Now imagine how much more complicated this dynamic can become when that at-home parent, being a foreigner, chooses to neglect teaching that child about their own culture or even family history due to a trauma suffered in their own homeland.

What I have just described to you is very much the home life I have had to grow up in until I was an adult and able to pose these questions to get at some underlying and unrevealed truths. My mother, Marie Therese Bernadette Guillaume Barstow Blackwell was herself Haitian and my father, Adolfo Guzman-Zani, was born and raised in Mexico. My parents met in Mexico City where my mother was gaining her doctorate in medicine and my father was earning his bachelor’s in economics. When they split from one another, my mother chose to keep his identity, even his very existence, a secret explaining my light skin as the result of her “marriage” to a man from Scandinavia, which was never actually happened. She decided to share the truth with me after I was well into my twenties. Even worse, she has had to overcome the stigmas that bedeviled Haitian immigrants during the 1970’s and 80’s, which may have been a contributing factor in her secrecy about many details surrounding our Haitian culture.
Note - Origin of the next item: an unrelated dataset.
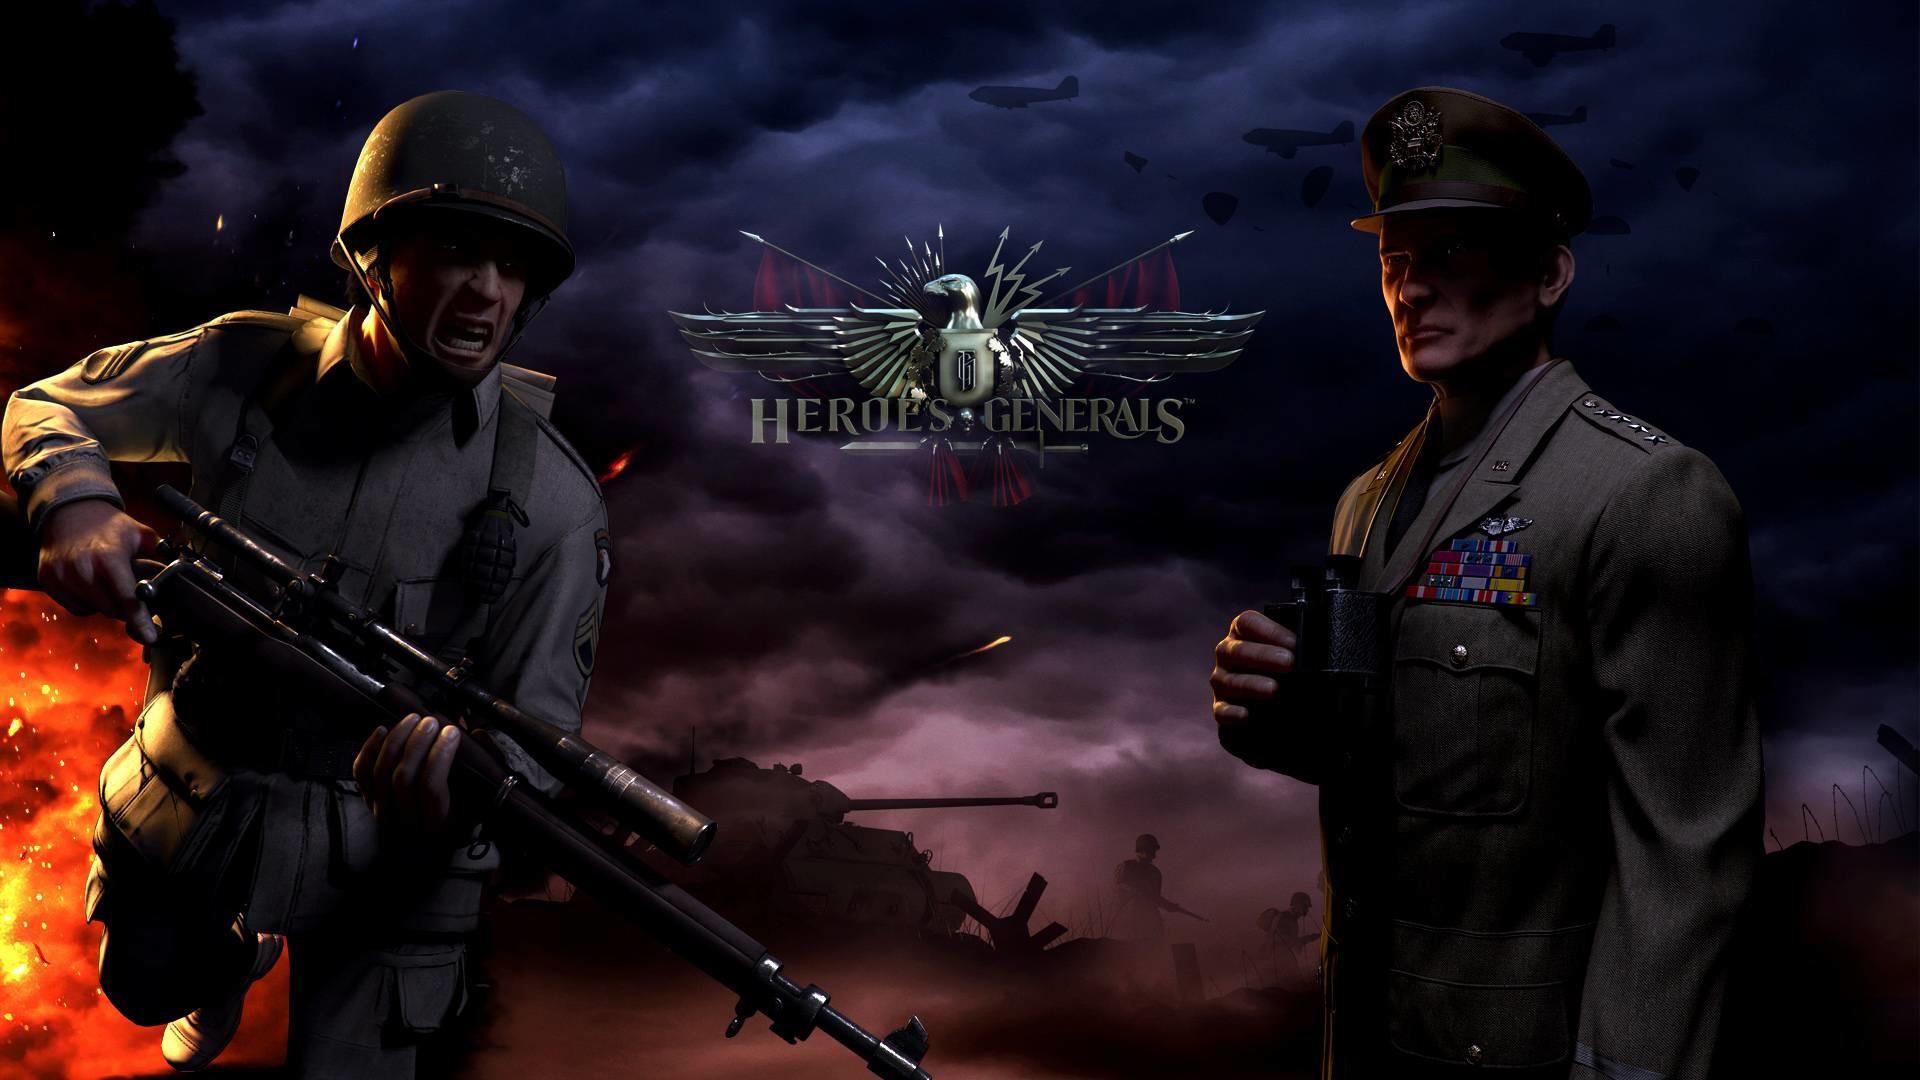 Heroes-and-Generals-wallpaper-2.jpg

Having been born here in the U.S. meant I was automatically dropped in the category of “black” and so I have identified as African-American most of my life. Yet I have become intensely curious about my Haitian roots. This coupled with my desire to finally meet my biological father has spurred me on a quest to learn the truth about myself so I can have something of value to pass down to my own two daughters, Serenity and Allegra, who themselves are in danger of facing the same hurdles in identity construction as I did growing up. They are biracial, their mother being White. Yet our own separation has put them in danger of becoming estranged from her, since I currently raise them as a full-time parent.

This film, shot in HD, is an attempt to understand and bridge the gaps of the past while striving to lay a foundation for the future where loss of family and heritage will, hopefully, no longer be a consequence.